Top Breakthrough Discovery | Published June 2020 in Nature

An image of Kyle Ferchen, BS, H. Leighton Grimes, PhD, Nathan Salomonis, PhD, and Andre Olsson, PhD.

Kyle Ferchen, BS, H. Leighton Grimes, PhD, Nathan Salomonis, PhD, and Andre Olsson, PhD

Changes in DNA can have very different consequences—some cause disease, while others have no effect. So how can we determine which mutations are important and which aren’t?

Single-cell methods hold the key to finding answers, according to a breakthrough study in the journal Nature led by H. Leighton Grimes, PhD, of the Division of Immunobiology, and Nathan Salomonis, PhD, of the Division of Biomedical Informatics.

The study introduces a new workflow to tackle the challenge of linking gene mutations with disease-causing processes. Researchers and clinicians can use this platform to study the single-cell genomics of a variety of diseases—potentially improving the precision and effectiveness of genetic-based diagnoses in the clinic.

Finding Missing Links

Advances in genetics and sequencing technologies have revealed many gene alterations that are associated with disease. Despite these insights, determining causality between genetics and disease can be tedious and difficult.

“We can already sequence a child’s genome and link a DNA sequence difference to the disease,” says Grimes. “However, determining which of these DNA changes is a real disease-causing mutation is difficult, but critical to understanding the molecular mechanisms of a disease, and driving toward a cure.”

Why are these connections so tricky to identify?

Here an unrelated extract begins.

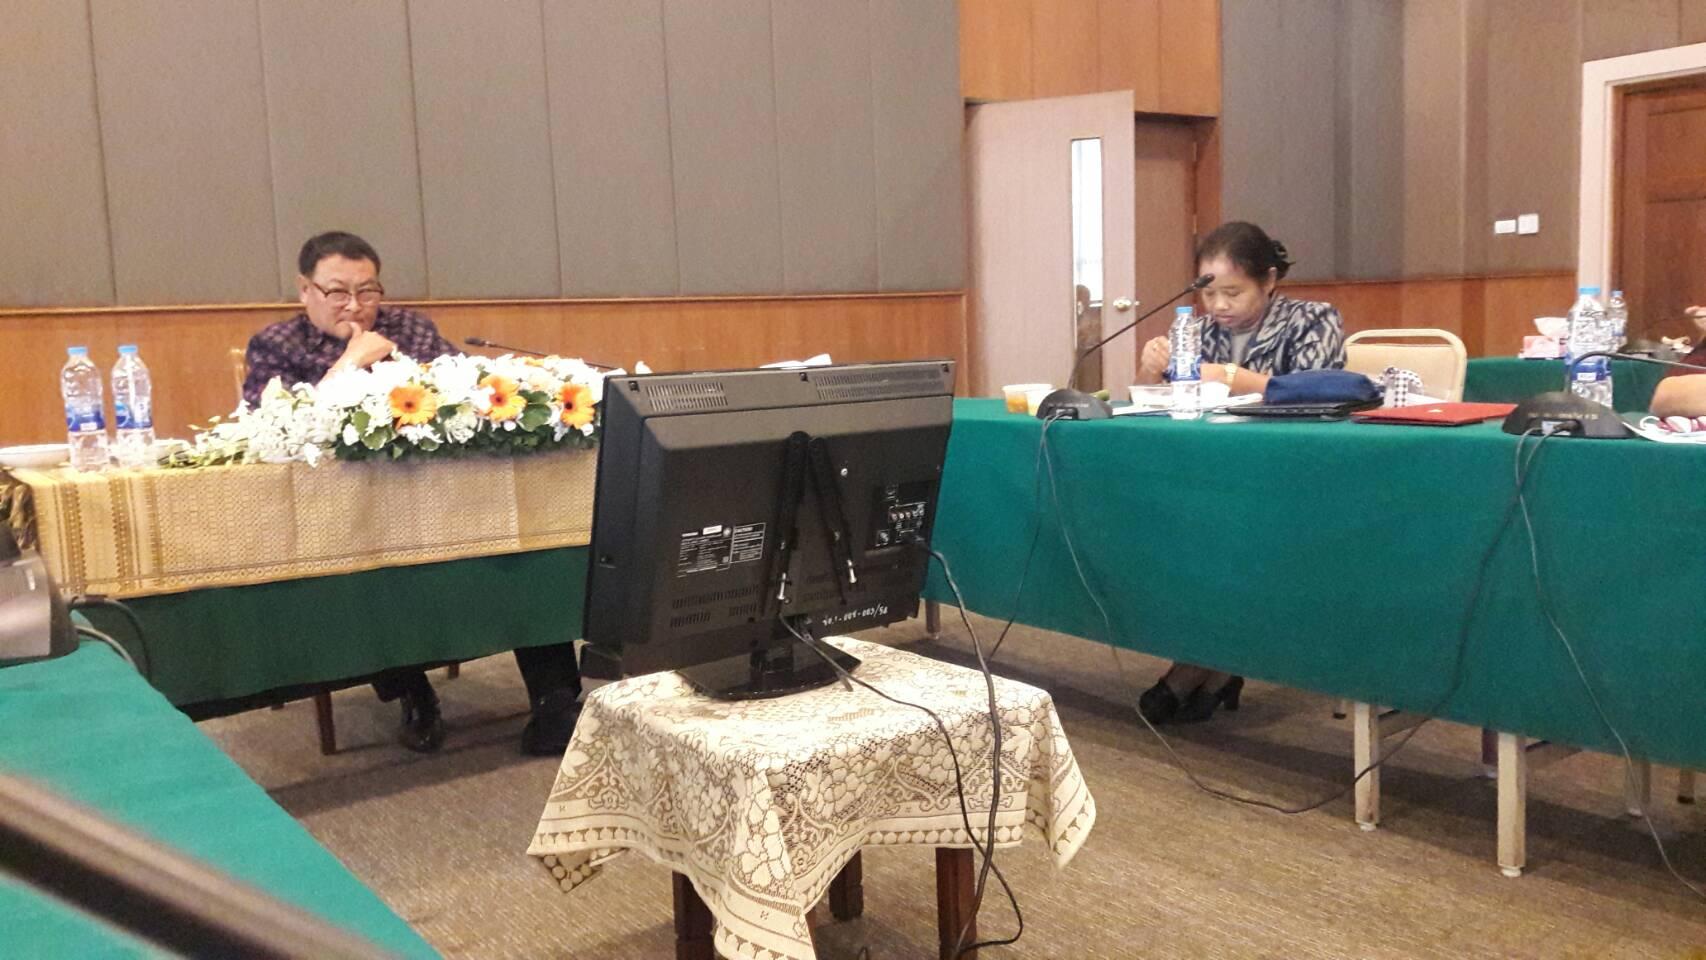 ผู้อำนวยการหอสมุดแห่งชาติรัชมังคลาภิเษก เชียงใหม่ เข้าร่วมโครงการประชุมวิชาการหอสมุดแห่งชาติ ประจำปี ๒๕๖๓

The more we learn about gene and protein expression in each cell at a given moment, the more complex the task becomes. Single-cell analyses are vastly increasing the number of cellular populations to be studied, and each can be affected by mutations in unique ways.

To get a complete picture of how cells work, accurate models of genetic disease are essential. By analyzing these models at a single-cell level, researchers can evaluate how mutations and medications impact different cell states.